What is the Israeli-made malware that WhatsApp has said was used to snoop on journalists and activists around the world this summer, including in India? Are you personally at risk, and should you stop using WhatsApp?

Whatsapp, whatsapp spying, spyware pegasus, What is spyware Pegasus, What is Pegasus, Pegasus India, Whatsapp spyware, Pegasus Israel, Indian Express Explained WhatsApp, which is owned by Facebook, is the world’s most popular messaging app, with more than 1.5 billion users worldwide.
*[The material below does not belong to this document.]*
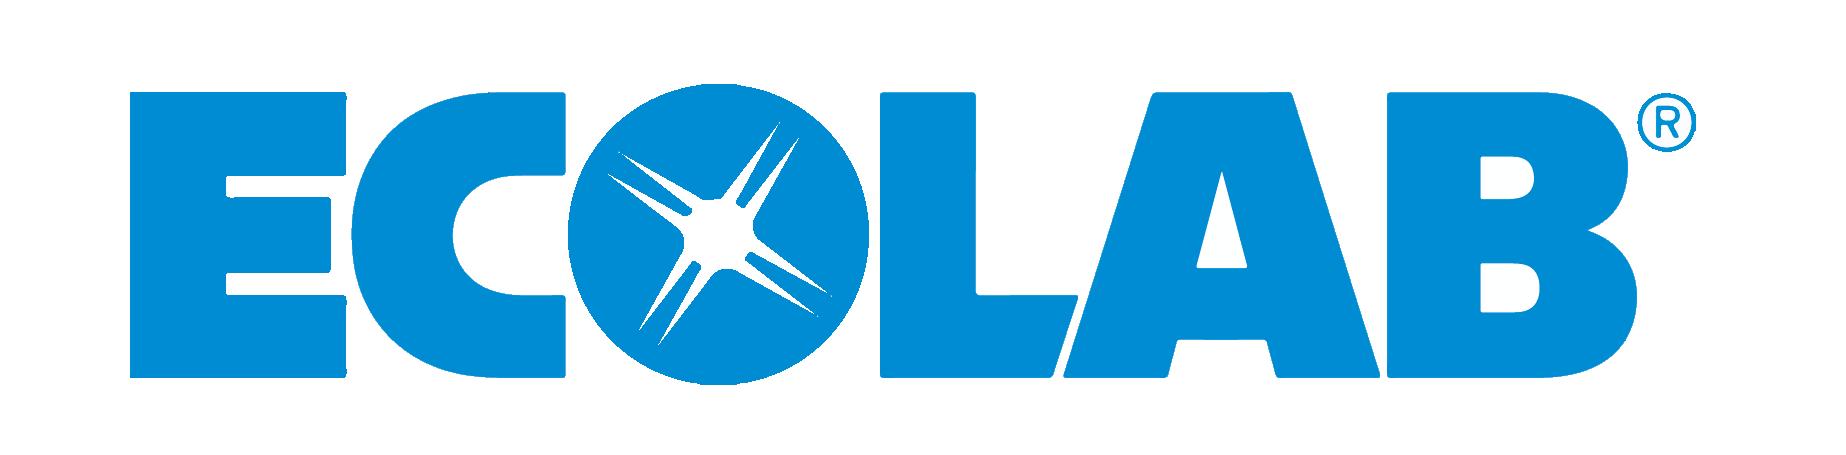 Ecolab_Logo

About a quarter of those users — more than 400 million, or 40 crore — are in India, WhatsApp’s biggest market.

On Thursday, The Indian Express reported that the popular messaging platform WhatsApp was used to spy on journalists and human rights activists in India earlier this year. The surveillance was carried out using a spyware tool called Pegasus, which has been developed by an Israeli firm, the NSO Group.

WhatsApp sued the NSO Group in a federal court in San Francisco on Tuesday, accusing it of using WhatsApp servers in the United States and elsewhere “to send malware to approximately 1,400 mobile phones and devices (‘Target Devices’)… for the purpose of conducting surveillance of specific WhatsApp users (‘Target Users’)”.

The surveillance was carried out “between in and around April 2019 and May 2019” on users in 20 countries across four continents, WhatsApp said in its complaint.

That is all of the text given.